##### DATA SECTION #####
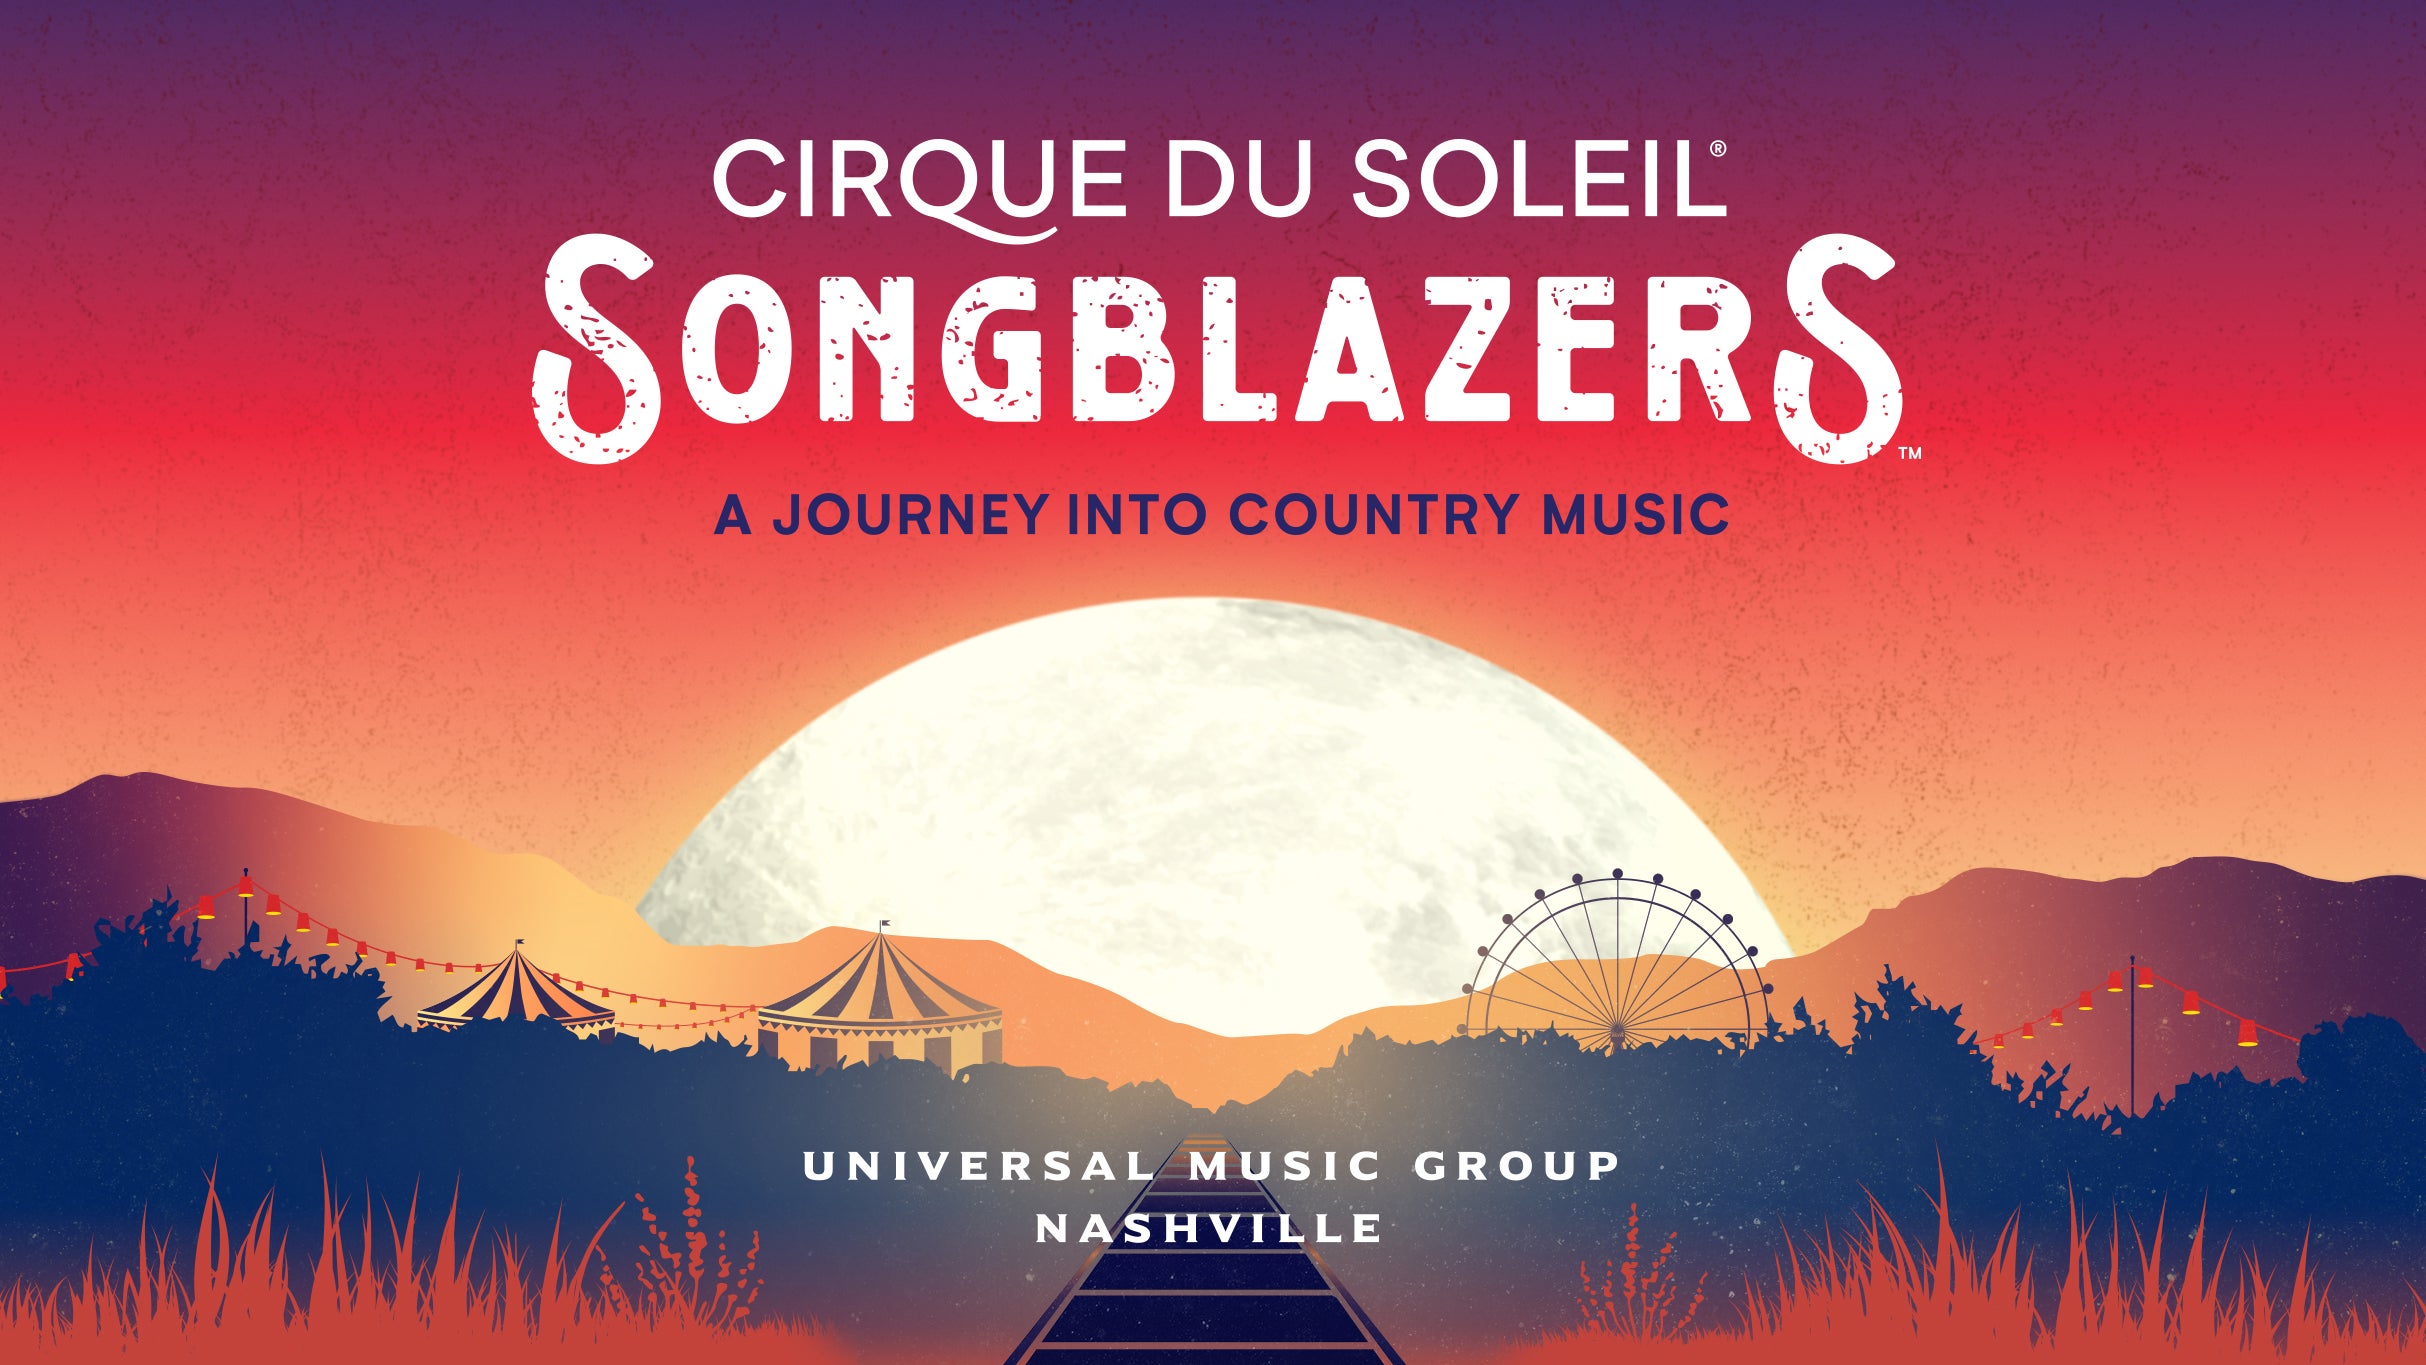 Cirque du Soleil: Songblazers in Birmingham promo photo for Cirque Club presale offer code
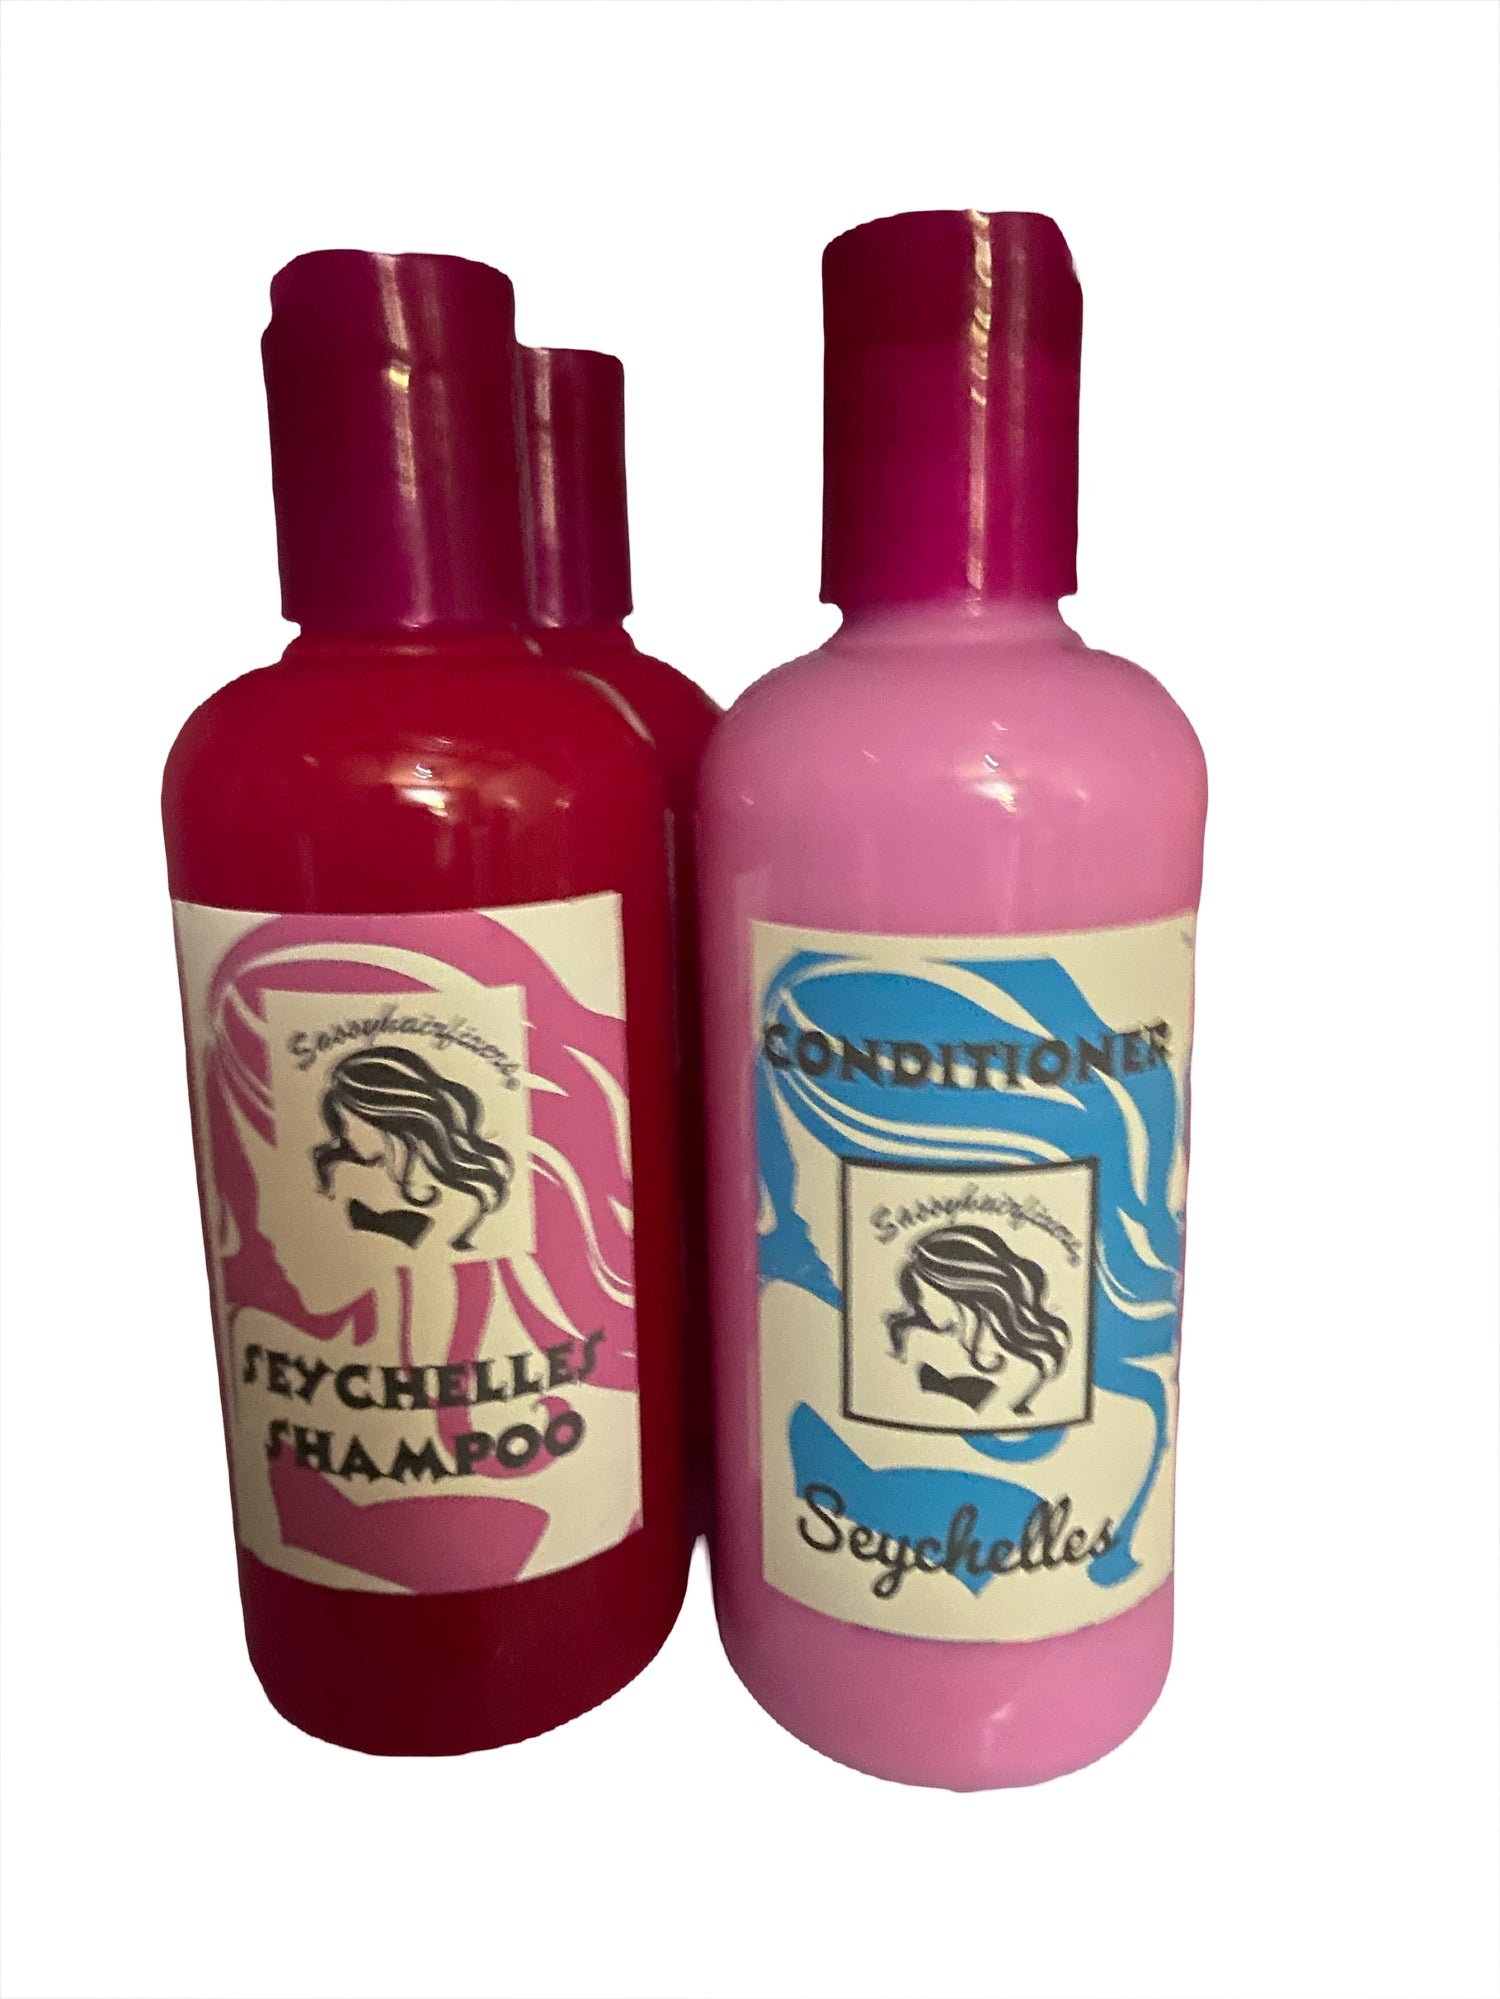 Seychelles shampoo & Conditioner
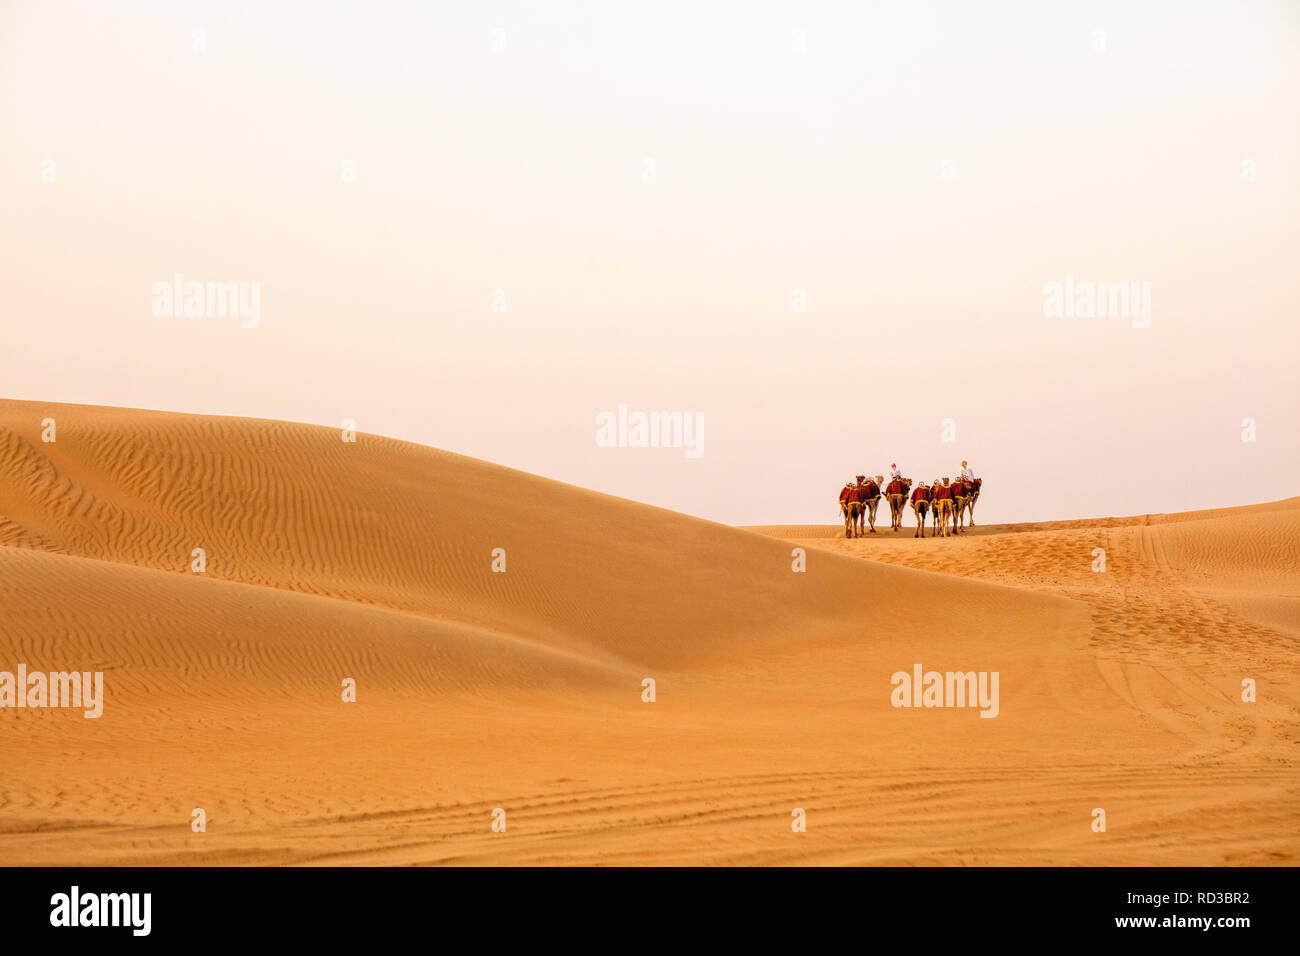 A camel caravan in the Rub' al Khali desert. Stock Photo
#####
TASK DESCRIPTION:
Your output should be only the lines from the line with "Seychelles shampoo & Conditioner" through the end of the data, exactly as they stand, and no pictures.

SOLUTION FOR THIS EXERCISE:
 Seychelles shampoo & Conditioner
 A camel caravan in the Rub' al Khali desert. Stock Photo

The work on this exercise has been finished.